2018 was a strong year for Dropbox. We generated $1.4 billion in revenue and ended the year with 12.7 million paying users and over 400,000 Dropbox business teams. Our continuing innovation and partner integrations also help drive the adoption of our premium plans and increased ARPU. Last year we continue to enhance the Dropbox experience for our users, teams and admins.
We launched new mobile apps for Dropbox and Paper and revamped the user interface for showcase to facilitate a more seamless sharing and collaboration experience for our users. We introduced machine intelligence capabilities to our platform through our DBXi initiative, improving our search engine architecture and making images searchable within Dropbox using our new optical character recognition technology.
We also expanded our open ecosystem and deepened our partnerships with Microsoft, Google, Salesforce, Adobe, and Zoom. In addition, we continue to optimize our conversion and upsell growth engines by leveraging our advanced data science models. We were also one of the first companies to deploy SMR technology at scale and grow our extensive network of points of presence around the world.
Our go-to-market efficiencies and infrastructure investments allowed us to expand gross margins to new highs and deliver record free cash flow. In our first fiscal year as a public company, our results reflect the strength of our global collaboration platform, our efficient business model and our operational discipline. We’re operating at a scale that few SaaS companies have achieved and we’re delivering a healthy balance of growth and profitability.
We’re focused on building a platform for people to come together to collaborate on the content. And then 2019 we’re already off to a great start with our acquisition of HelloSign a few weeks ago. HelloSign has built has built a thriving business focused on e-signature and document workflow with over 80,000 customers. Millions of people already use Dropbox as a place to collaborate on their most important content. Together, we can deliver an even better experience to Dropbox users, simplify their workflows and expand the markets we serve.
Signing documents and completing forms are an important part of everyday life; from opening an investment account or buying an apartment, to signing a major new customer or hiring a new employee. But even today, millions of people still rely on legacy pen and paper to complete these tasks, resulting in an inefficient and fragmented experience.

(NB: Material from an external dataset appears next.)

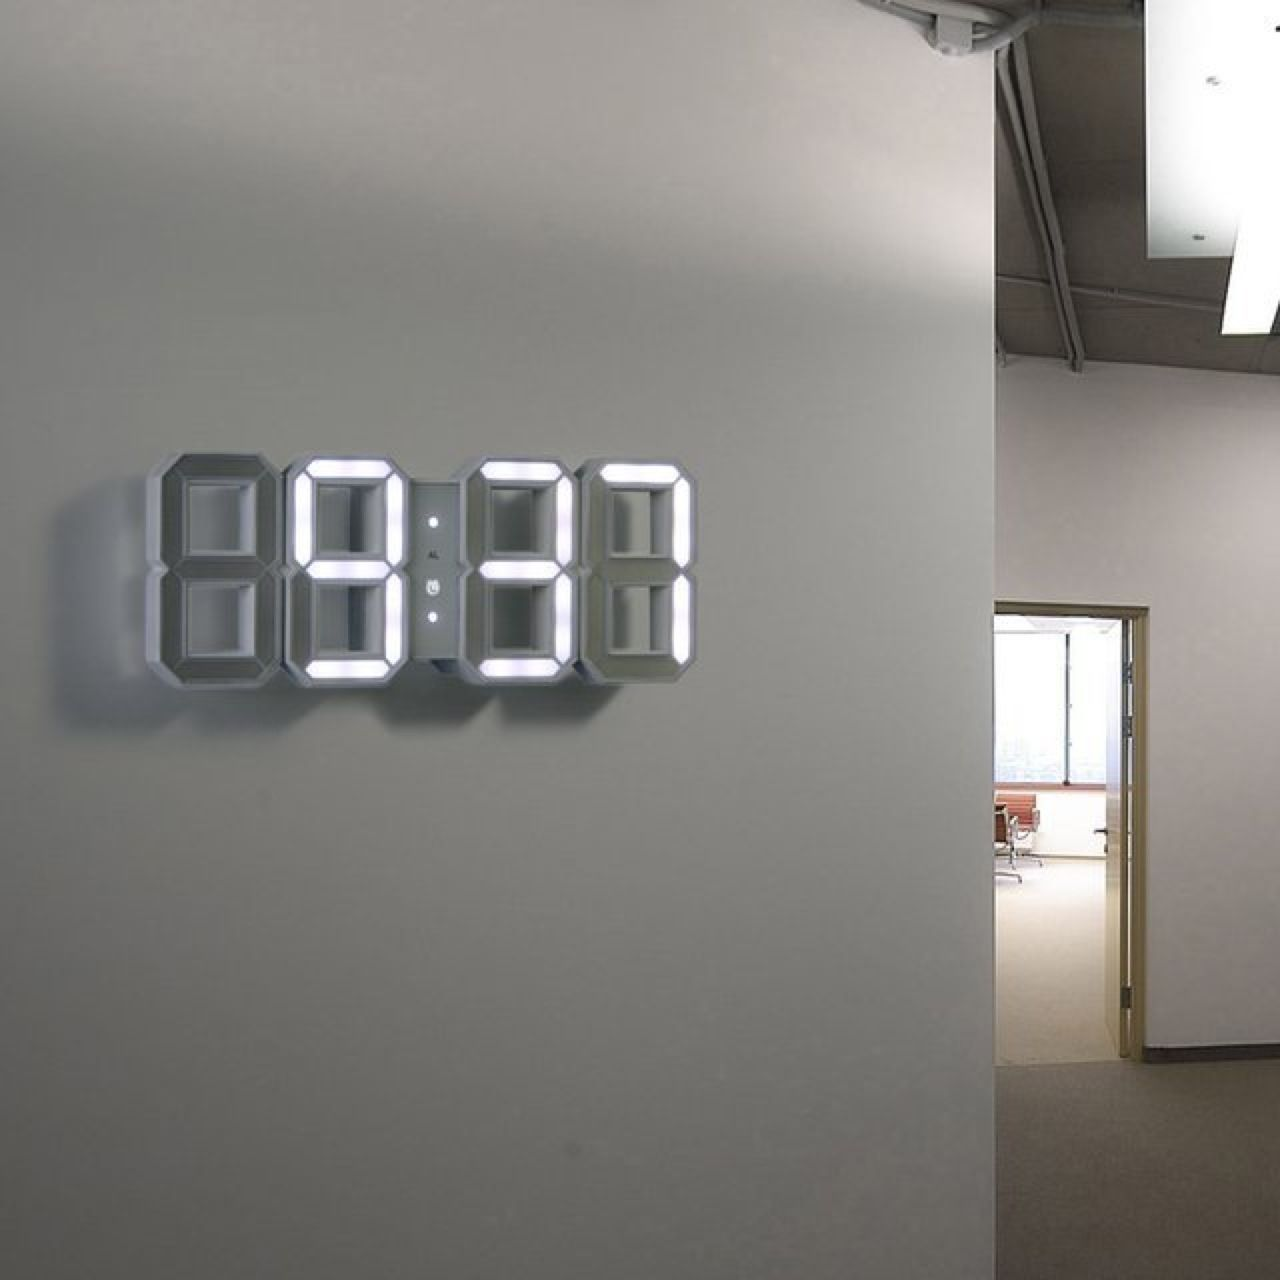 Agreable White U0026amp; White LED Clock By Kibardin Design Digital Wall, Digital  Clocks, Digital

HelloSign offers user-friendly e-signature and online fax products through HelloSign and HelloFax, as well as fully customizable document workflow solutions through HelloWorks and HelloSign API, improving business processes while also helping reduce time and costs to get things done.

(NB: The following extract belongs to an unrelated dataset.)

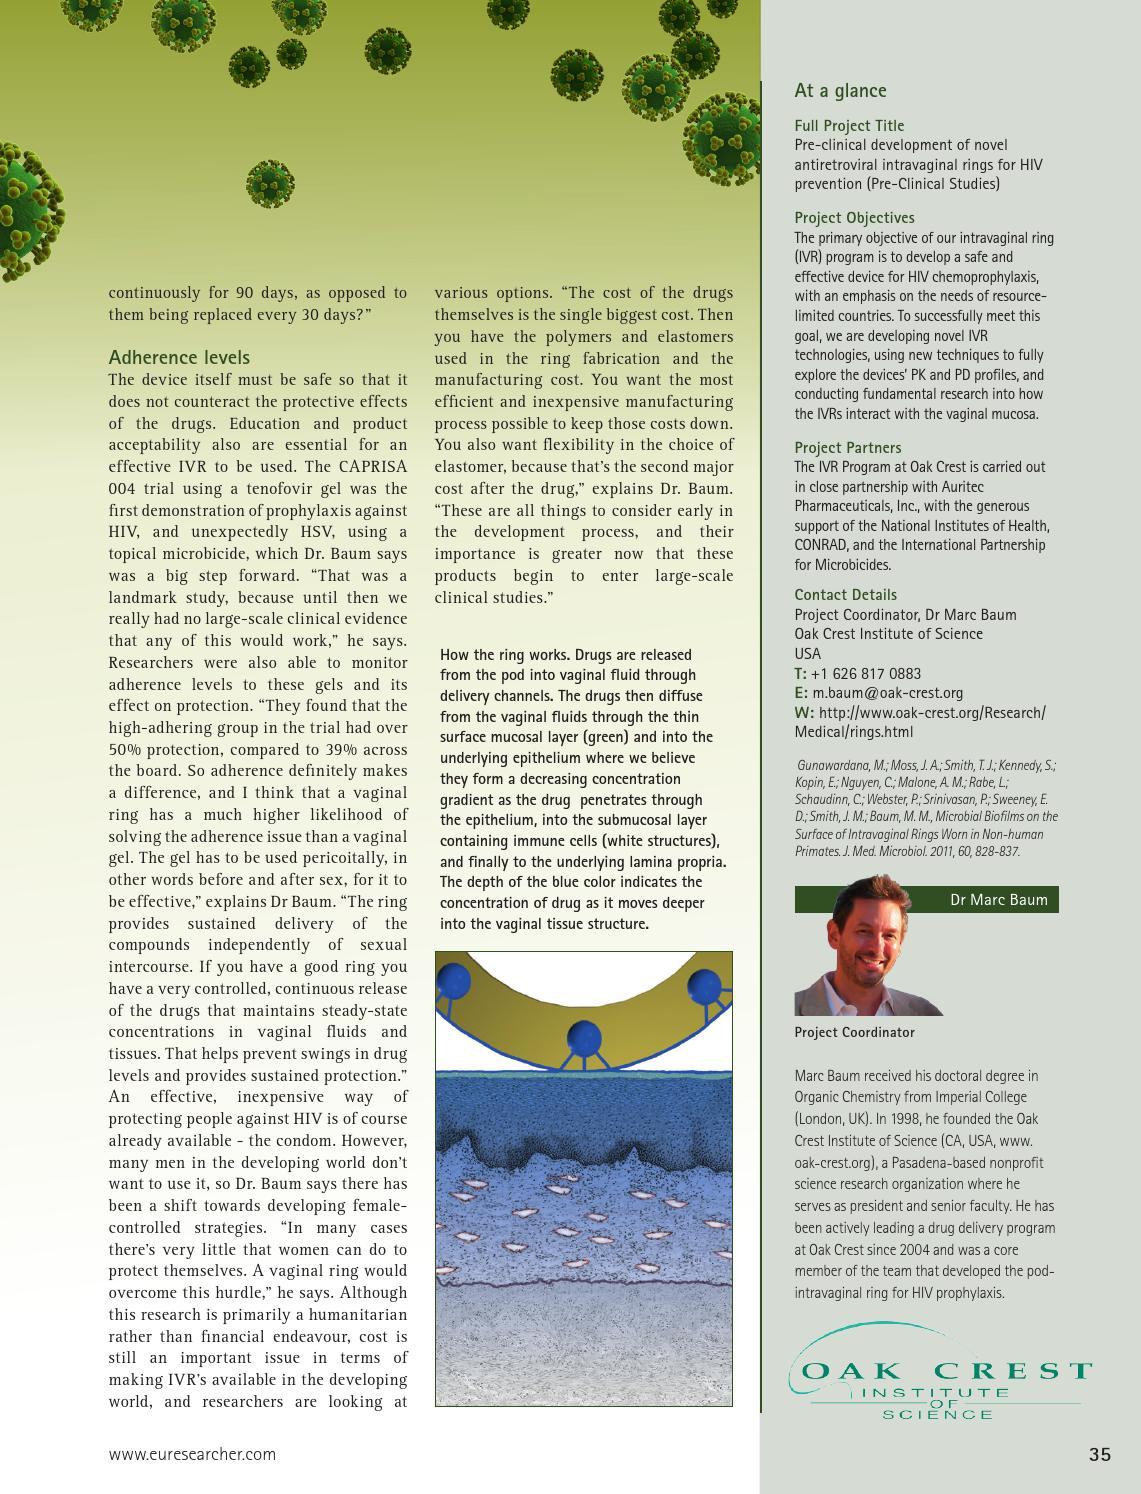 Eu research 4 digital magazine by Blazon Publishing and Media Ltd

We’re excited to welcome the HelloSign team to Dropbox. Joseph and Neal, HelloSign’s CEO and CTO, got their start at Y Combinator, just like we did. And with their COO joined in early 2016, after serving as the SVP of Marketing and GM of Enterprise at Box, we can’t wait to begin working together.
Turning to Q4, we continue to deliver a number of innovations that make the Dropbox experience even better for our users, teams and admins. First is video commenting. We observed that teams collaborating on video files needed a better way to provide actionable feedback. Previously, users were forced to manually lock timestamps for each of their comments, which interrupted their flow as they toggled back and forth between videos and their notes.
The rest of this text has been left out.